Evaluate site’s operational history and compliance track record
In the event that a sponsor is notified that there is an impending change in site ownership or management, the sponsor must immediately review the site’s history and compliance track record. To avoid being surprised, sponsors must ensure that there is continued oversight consistent with the terms of the CTA. Additionally, to the extent necessary, sponsors may need to require that outstanding queries are closed out prior to a change in ownership or management.
Proactive updates to IRBs and regulatory bodies
In the event of an impending transition in ownership or management, sites must ensure (and sponsors must oversee) appropriate and proactive updates to IRBs and other appropriate regulatory bodies.
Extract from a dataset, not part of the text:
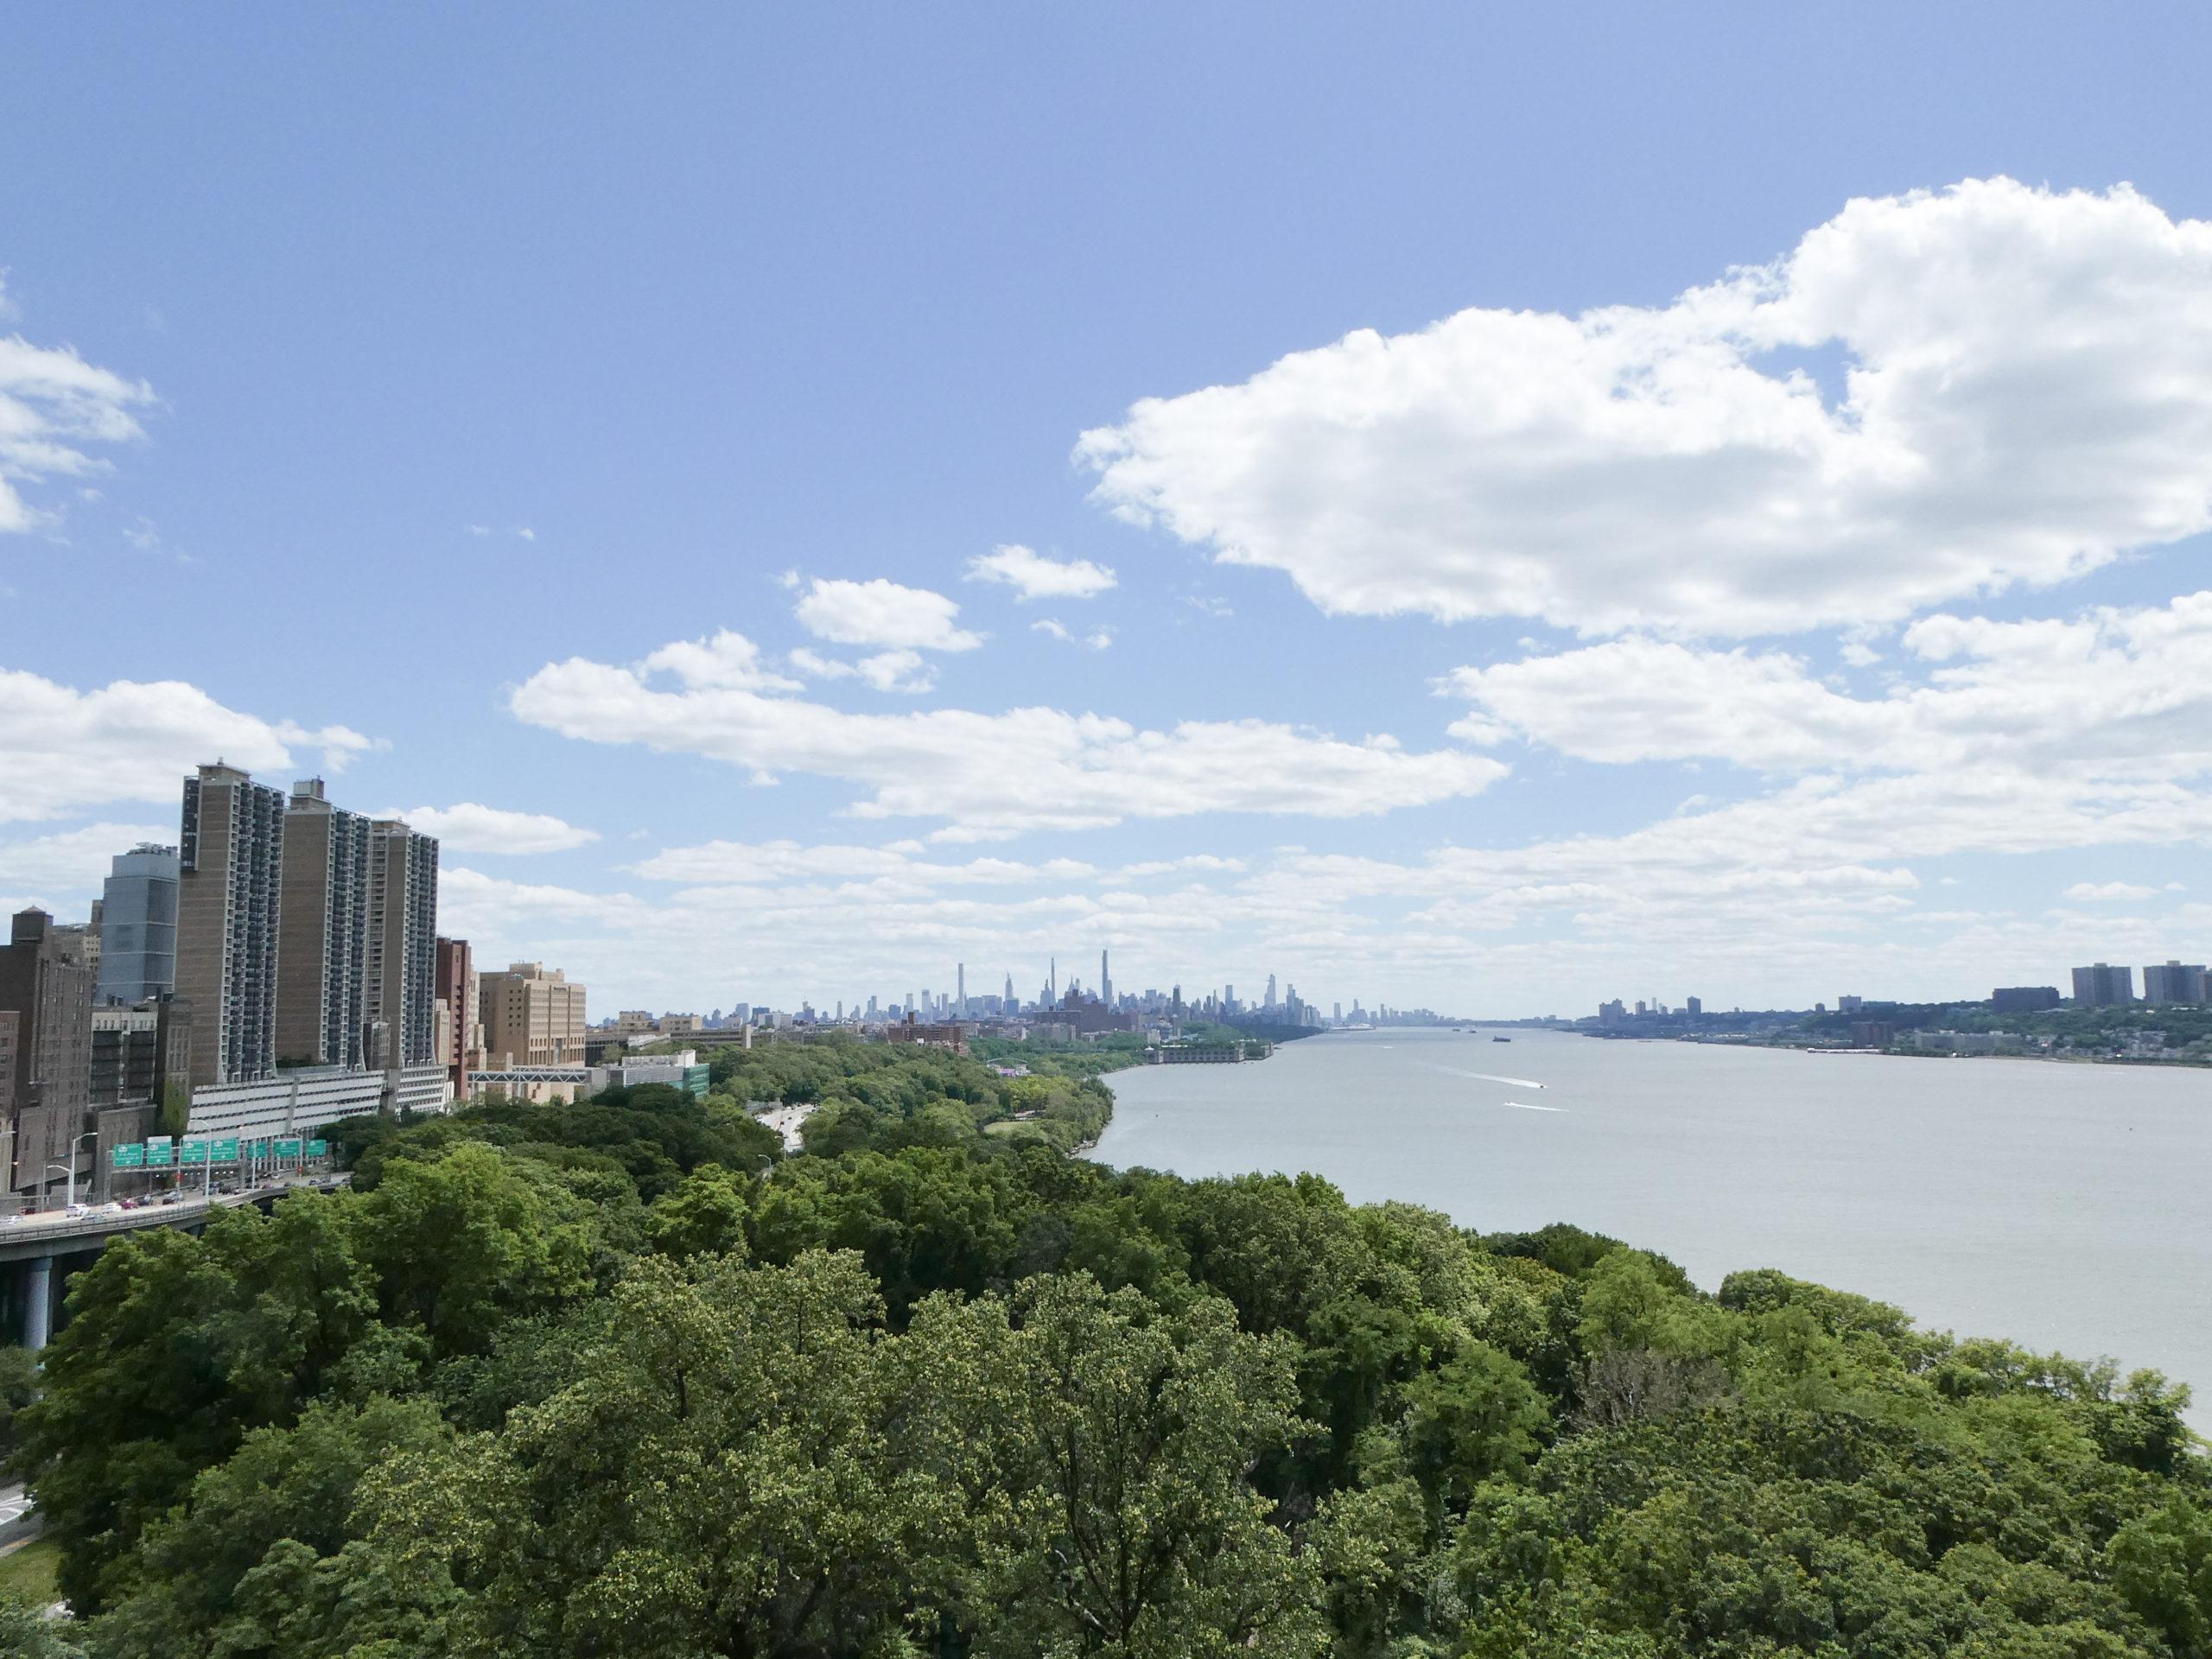 View of Manhattan from the George Washington Bridge

While some IRBs and/or regulatory bodies may have additional expectations that may impact site ownership changes, others may consider it irrelevant to the individual study’s operations as they relate to overall patient safety and therefore site operations.
Risk Management Considerations
In the event a trial site is about to be sold or its management structure transitioned, a sponsor should consider:
- Reviewing the clinical trial agreement and updating it to ensure that the appropriate new owners are reflected in the updated clinical trial agreement. This will prevent future disputes as to whether a pre-existing clinical trial agreement continues and inures to the benefit of the new owners.
- Notifying regulatory or quasi-regulatory bodies including the FDA, the US Office of Research Integrity (ORI), NIH, and/or IRB as necessary.
- Confirming and clarifying data and IP ownership with the new or prospective management before and after the ownership transition.
- Establishing an interim management structure to ensure that sites being sold are being actively monitored before, during, and after the transition in ownership. This may require developing a transition-specific oversight structure, appropriate training and onboarding, and customized monitoring plans that include increased frequency of monitoring for a limited period of time.
- Retaining legal and regulatory counsel to ensure that neither sponsor nor site rights are compromised in the event of a sale and to appropriately address legal, compliance, and regulatory needs.
- Ensuring closeout of all appropriate data in the event oversight is compromised.
The sale of a site is an exciting opportunity for site owners. However, it can be a cause of great anxiety for sponsors and clinical research organizations (CROs), and may mean increased monitoring, training, and oversight. Nevertheless, sites are private companies that have the right to undertake such transactions. Accordingly, sponsors and CROs should have policies in place to ensure appropriate oversight in the event of changes in ownership and/or management.